Spread butter over the dough.  Sprinkle with cinnamon and brown sugars (you can combine the three first).  Carefully roll the dough up from the long edge, as tightly as you can (which won’t be that tight).  Slice the log into pieces (I did about 1 ½ inch pieces and then flattened them because my log was pretty long and narrow…you can do it however you want).  Place into buttered baking pan (I used a Pampered Chef stone round baking pan—I think it’s 10 inches), about 1 inch apart.  A glass baking dish would work, a cake pan, or even an iron skillet.

Cover the pan with clear wrap and place in warm spot until the rolls are doubled and almost touching.  A cold oven with the light on is a perfect place for this!  The top of the refrigerator works well too.

Bake at 400 until done (about 15 minutes, but watch it closely after 10).  Depending on the pan, it might take more like 20-30 minutes.  The center should be set.

2 tablespoons butter, softened
1 ½ cups powdered sugar
Milk (enough to make a drizzling consistency)

Whisk together.  Glaze the warm cinnamon rolls.

Friday, September 21, 2012

Owl Craft Project

We made these easy and cute owls the other day.  They were made with the things we had on hand...toilet paper tubes (I even cut a paper towel tube down to size when we ran out!), construction paper, muffin cups (we used two per owl), tape, and glue.  Even my 2 1/2 year old could do most of it herself!  I admit they would have been a bit cuter with some brighter muffin cups.  This is where we got the idea from:

To make the "vase and sticks," I took a half-pint jar, some sticks, some crumpled paper (stuffed inside the jar to keep the sticks standing up), and a piece of construction paper taped to the outside.

We shared the arrangement with Grannie & Mimi's office.  The girls kept a few owls to play with.  They've been begging to make more!  Looks like we'll be buying some more muffin cups and continuing to collect some tubes so we can make another arrangement!

Wednesday, September 19, 2012

Cinnamon Honey Butter

I used to make this with ¼ cup powdered sugar.  I honestly prefer the honey version. 

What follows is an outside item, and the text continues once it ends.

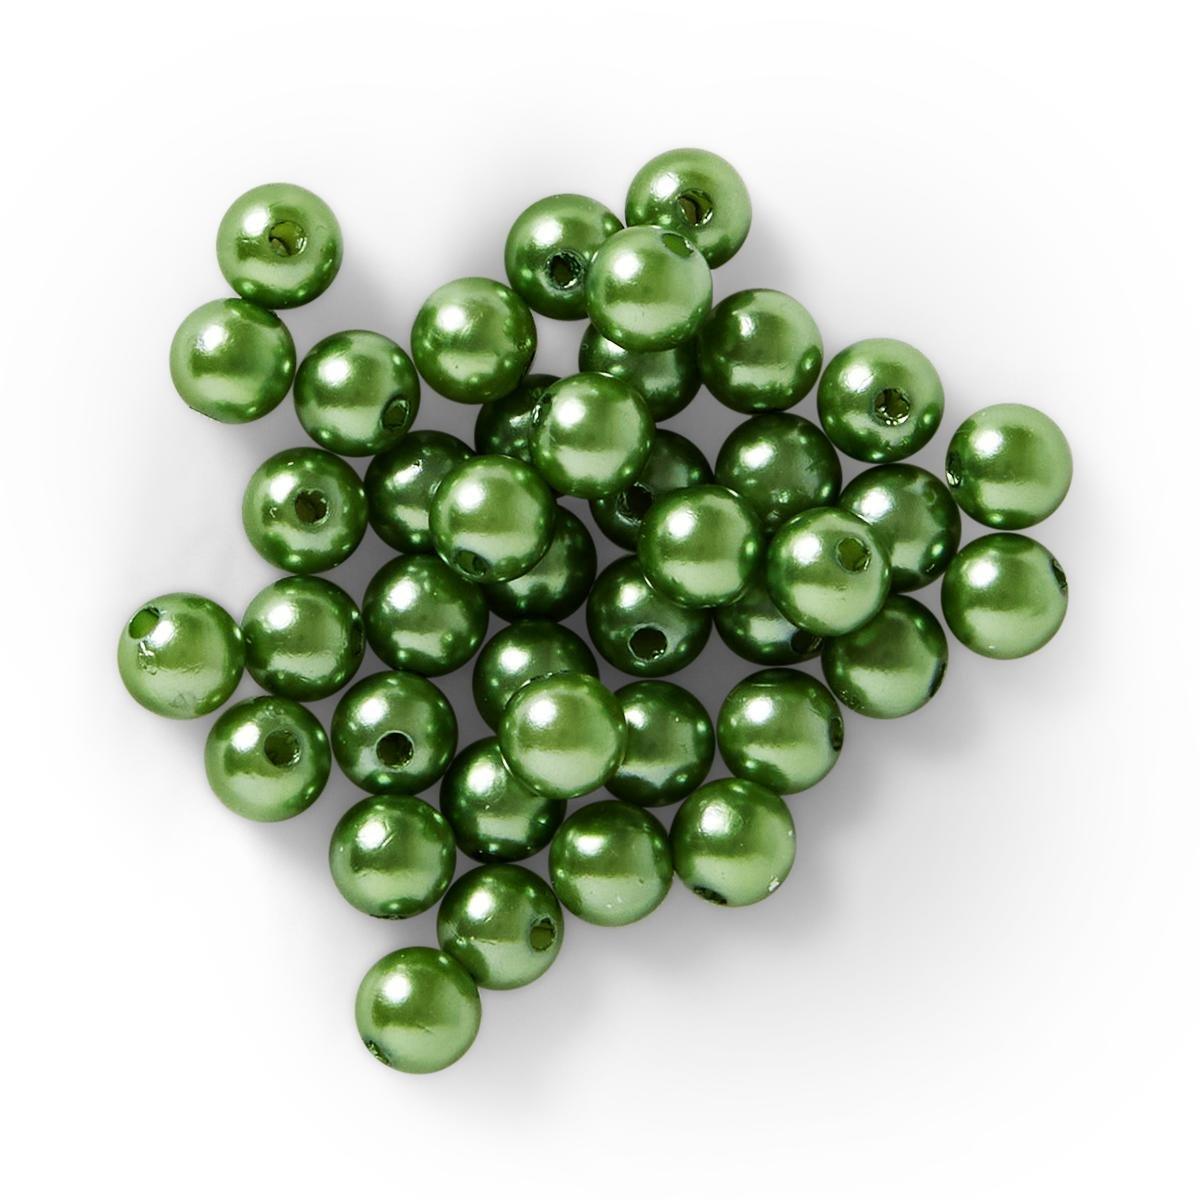 Green plastic beads

1 stick salted butter, softened
1 tablespoon honey
1 ½ teaspoon cinnamon

Stir together until smooth.  Serve at room temperature.

Pumpkin Muffins

This is my adaptation of a recipe that came in my Tea Time Magazine.  These muffins are SO yummy!  They are very moist and full of flavor.  I haven't had luck with making homemade muffins and them being cake-like or moist after they've cooled.  These are!  They're great hot or room temperature! 

I have two versions in case you have 1 cup of pumpkin or a whole can to use.  I suggest you make more so you can share or freeze some.   You may also want to decrease the amount of honey…these are more like cake!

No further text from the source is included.